Ejector Systems. Steam ejectors were fitted to the closed tank provided for the reception of the material, thus converting the tank into a vacuum chamber, and eliminating the discharger. In other cases injectors, also operated by steam, were placed at intervals along the conveyor pipe, usually at such convenient points as 90° bends, and the slight vacuum created by the condensation of the steam and also by the velocity of the jet, induced an air current which swept the material along with it into the receiver chamber.

Although both these methods are in practical use, their applications are strictly limited to materials which do not suffer by contact with heat and moisture; the methods are therefore used principally for conveying ashes and soot from boiler furnaces and flues. Ashes formed by the combustion of coal contain large amounts of abrasive matter, and it is very important that all this matter should be extracted from the air, before entering the exhauster of the suction system. The steam jet cuts out the exhauster entirely, but absorbs an excessive amount of power in the form of steam. It has the advantage, however, of quenching the ashes on their way to the settling tank. For flue dust, however, the steam jet is unsuitable, as the condensed vapour causes the material to cake in the pipes, and the latter rapidly become choked, involving considerable delay and trouble in cleaning out. The ejector system is used for this material, the tank being of the closed type, and the necessary vacuum being created by a steam ejector fixed in a branch at the side near the top, the dust striking a baffle and falling by gravity to the bottom of the tank. A special air-tight gate or valve is opened to empty the tank.

Air Induction. The cardinal feature of the induction system is the ease with which materials may be handled which cannot be conveyed by the suction method.

Sand, sugar, salt, soda ash, and many other substances of a granular nature, which are very troublesome when conveyed by the suction method, may be dealt with economically by the induction system and, although the latter is only in its experimental stages at the moment of writing, it is possible that it may displace all other systems in the near future.

The induction system differs from the suction system in that the air flow along the pipe is induced by a jet of air, at very high velocity, fixed at any convenient distance from the intake nozzle of the conveyor pipe, and the material conveyed is discharged either from an open end into an open container, or by some form of cyclone. The closed discharger or container, with its baffles and rotary valves or air locks, is eliminated, and the substance to be handled has a free and unrestricted flow throughout the length of the pipe.
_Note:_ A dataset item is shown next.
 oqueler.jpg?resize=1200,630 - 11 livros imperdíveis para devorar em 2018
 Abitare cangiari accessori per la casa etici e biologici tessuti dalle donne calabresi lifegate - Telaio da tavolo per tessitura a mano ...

Advantages of the Induction System. The advantages of the induction conveyor may be summarized as follows: (1) Low first cost, the power unit being the only expensive item. (2) Low maintenance cost, there being no moving parts and little wear. (3) Low labour cost, practically no attendance being required. (4) Flexibility and ease of handling. (5) High efficiency of power unit and reliability of system. (6) Ability to handle materials which are easily damaged.
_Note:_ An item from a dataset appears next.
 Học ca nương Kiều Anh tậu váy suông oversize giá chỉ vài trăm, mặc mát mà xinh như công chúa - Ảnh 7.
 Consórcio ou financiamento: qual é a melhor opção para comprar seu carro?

In the case of a suction plant handling grain or coal, the intake end of the conveyor is fairly flexible, and the nozzle may be operated over a fairly large radius, say, all over the floor of a vessel’s hold. The discharge end, however, is fixed, unless a cumbersome and expensive gantry is provided to permit of the discharge apparatus being moved about. Even should the discharger be mounted on rails, the area over which it can operate is limited by the rails on which it runs. With a large plant, this would mean that a number of dischargers would be required to lift from a ship into a warehouse or store, from the latter into bunkers or silos, or perhaps into trucks or waggons. Each discharger would require a separate exhauster and a separate intake, and valuable space would be occupied by the plant and expense incurred for machinery which would not be in use for a considerable part of the time.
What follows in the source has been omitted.